Some producers believe that, under Order 636, access to premium gas markets requires expanding downstream. However, many producers lack the appropriately skilled people, financial resources, or corporate culture to effectively compete in these downstream markets.
An alternative to additional human and financial investment in downstream expansion is to form a strategic alliance with one customer.
By selling gas at the wellhead to a single buyer or buyer's representative and outsourcing marketing and related commercial activities, the administrative structure is simplified and streamlined. Routine but increasingly complex functions are bypassed, G&A costs are reduced, and management can increase its focus to a greater extent on strategic aspects of the core business.
In a good outsourcing situation, the producer should be concerned only with receiving valued, high-quality services on time. The efficiency or the methods used to provide these services is the concern of the service company. The burden of investment in resources and new technology for administrative services is transferred from the E&P company to the service company.
Decision makers in the professional core are responsible for evaluating, selecting, and monitoring the service companies.
In addition, the best of a noncore department's employees typically are offered positions in the service company. Those transferred employees, in turn, become part of the service provider's core business rather than a backroom cost center for the E&P company. This may give them greater opportunity for job enrichment and promotion.
OUTSOURCING CONSIDERATIONS
To make the most of new outsourcing opportunities available in the oil and gas industry, producers should consider the following:
- What is the company's core business? Generally, the core activities are funding, exploration, production, and development.

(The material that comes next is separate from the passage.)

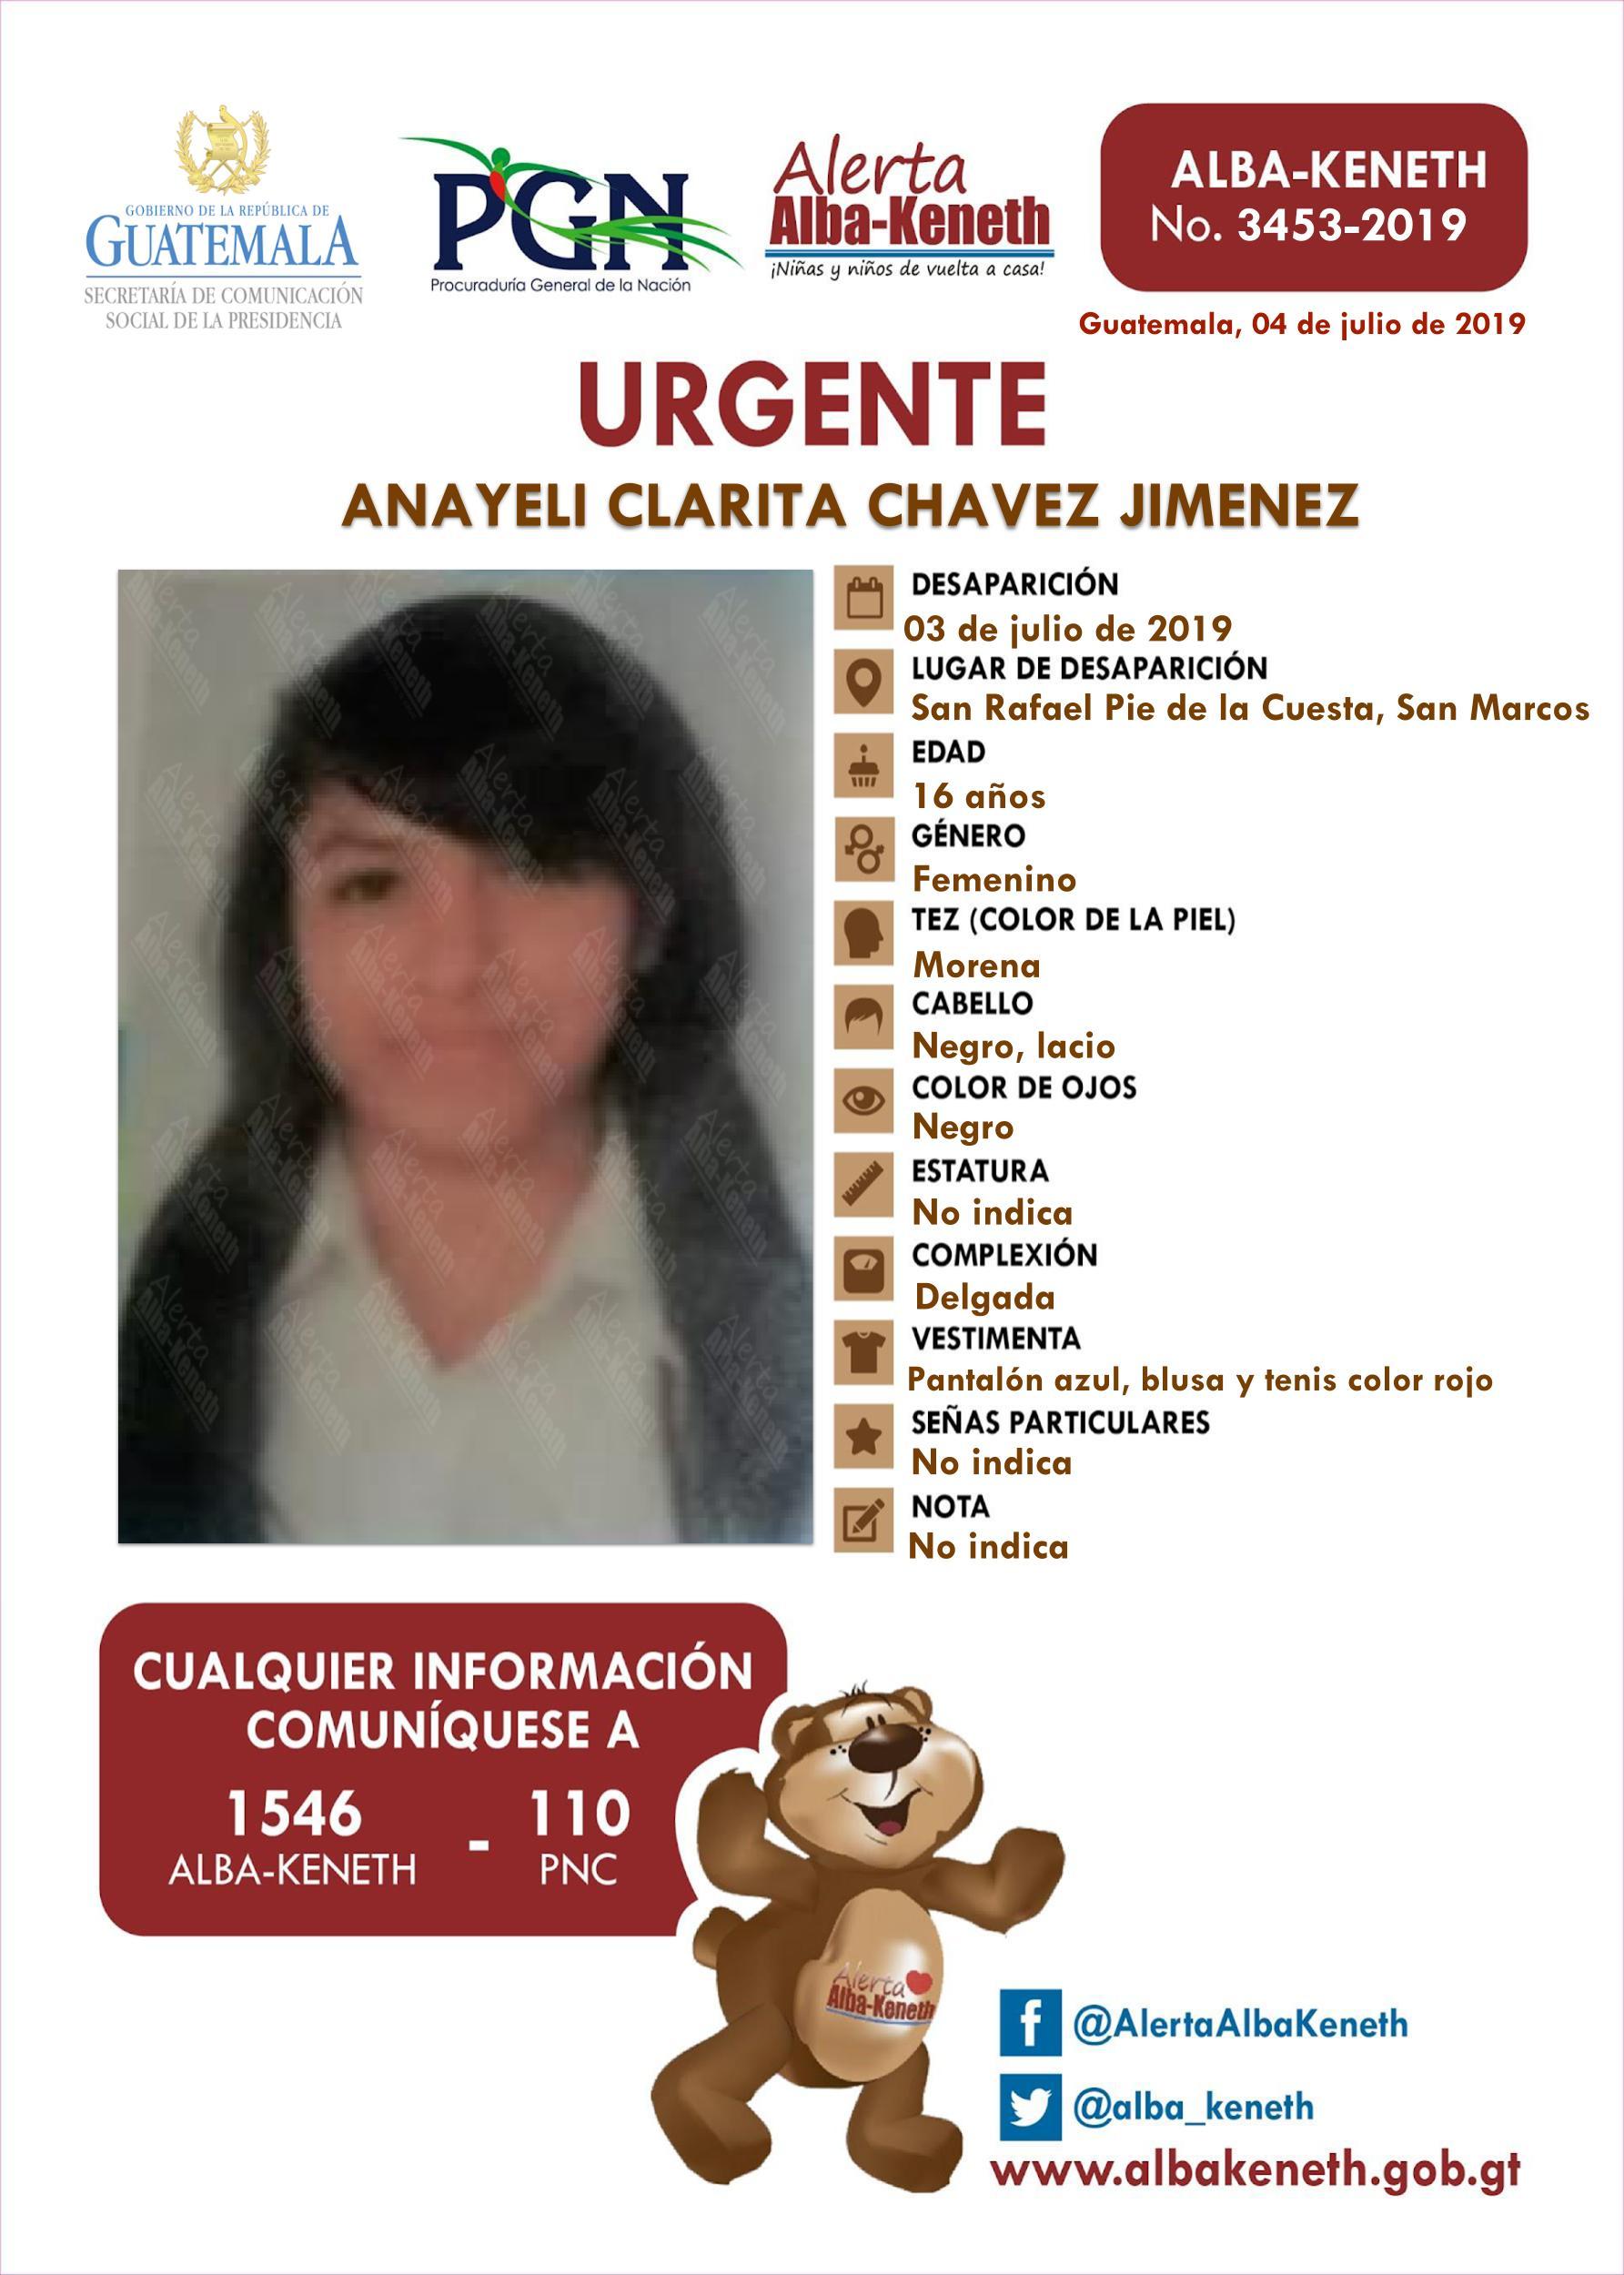 Anayeli Clarita Chavez Jimenez

- Which of the remaining noncore activities can be performed by an outside party? Noncore activities may include production and revenue accounting, marketing and related services, and other administrative tasks.

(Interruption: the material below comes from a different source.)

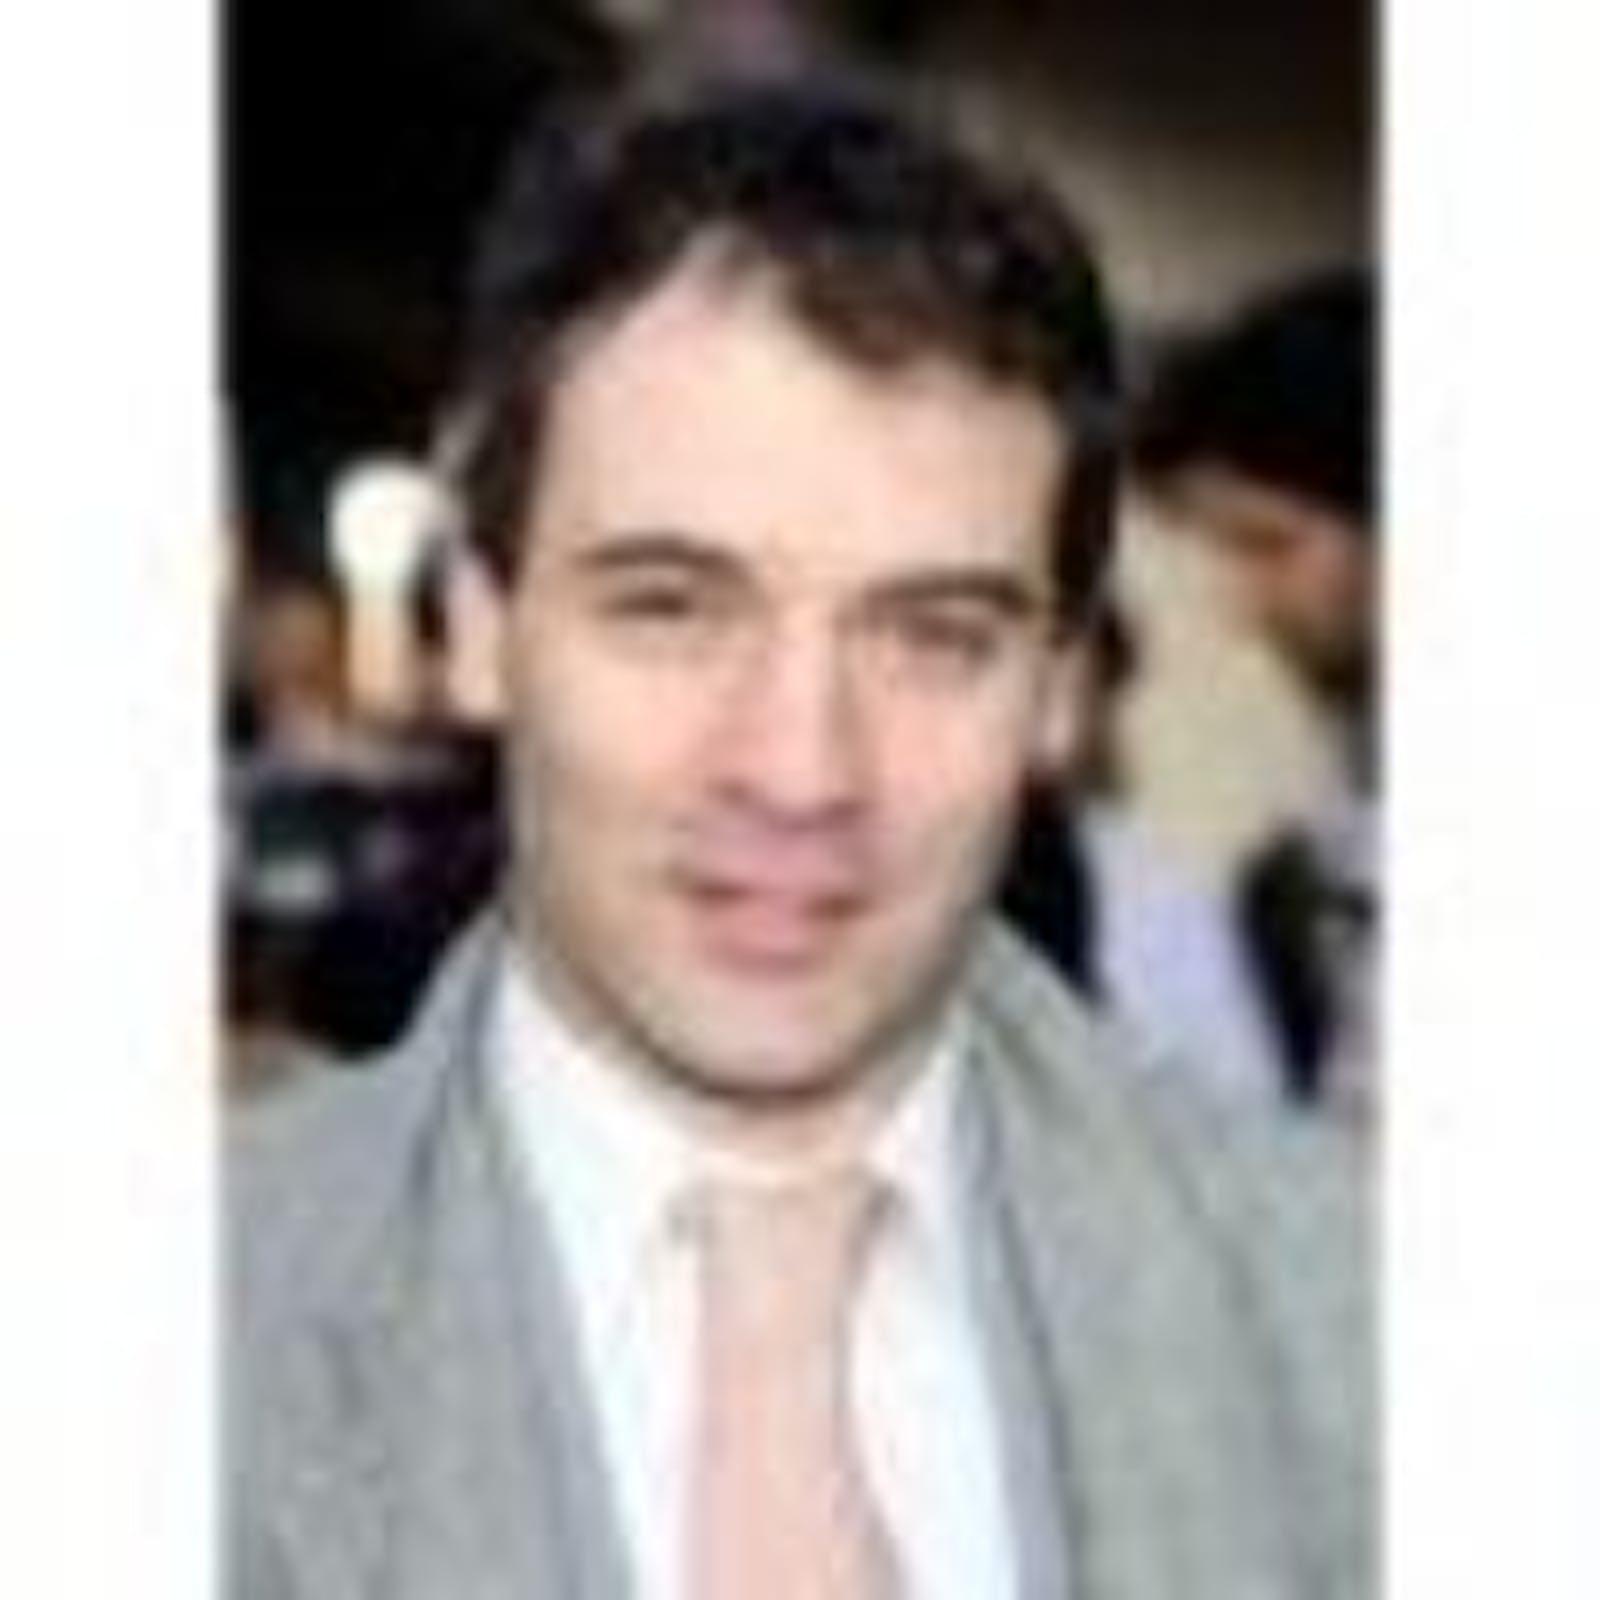 Josh Appignanesi

- What are the benefits of outsourcing? Many times direct labor savings are only the tip of the cost iceberg. Secondary savings can be significant. Other considerations include cost effective access to specialized expertise and current technology and the ability to respond to dynamic personnel requirements and rapid changes in the business.
- What service companies are available to perform these noncore activities? Find companies whose core business is performing one or more of your noncore activities. You can maximize the benefits of outsourcing by contracting out an entire process, rather than selected functions, 'to one service provider.
- Which of these service companies best fits your company's outsourcing needs? Consider each service company's knowledge of the entirety of the business, ability to provide multiple services, willingness to customize service, cultural compatibility, long run costs, and financial strength.
The successful low cost producers of the 1990s will be companies that concentrate their resources in areas that add the greatest value to their bottom line. They will outsource noncore activities to parties offering more comprehensive packages of related administrative services. They will be smaller, more flexible, and quicker to react to changes in the competitive environment.
Now that opportunities for outsourcing traditionally in-house activities are available, producers should consider outsourcing as the cost effective business strategy to deal with challenges of the 1990s and beyond.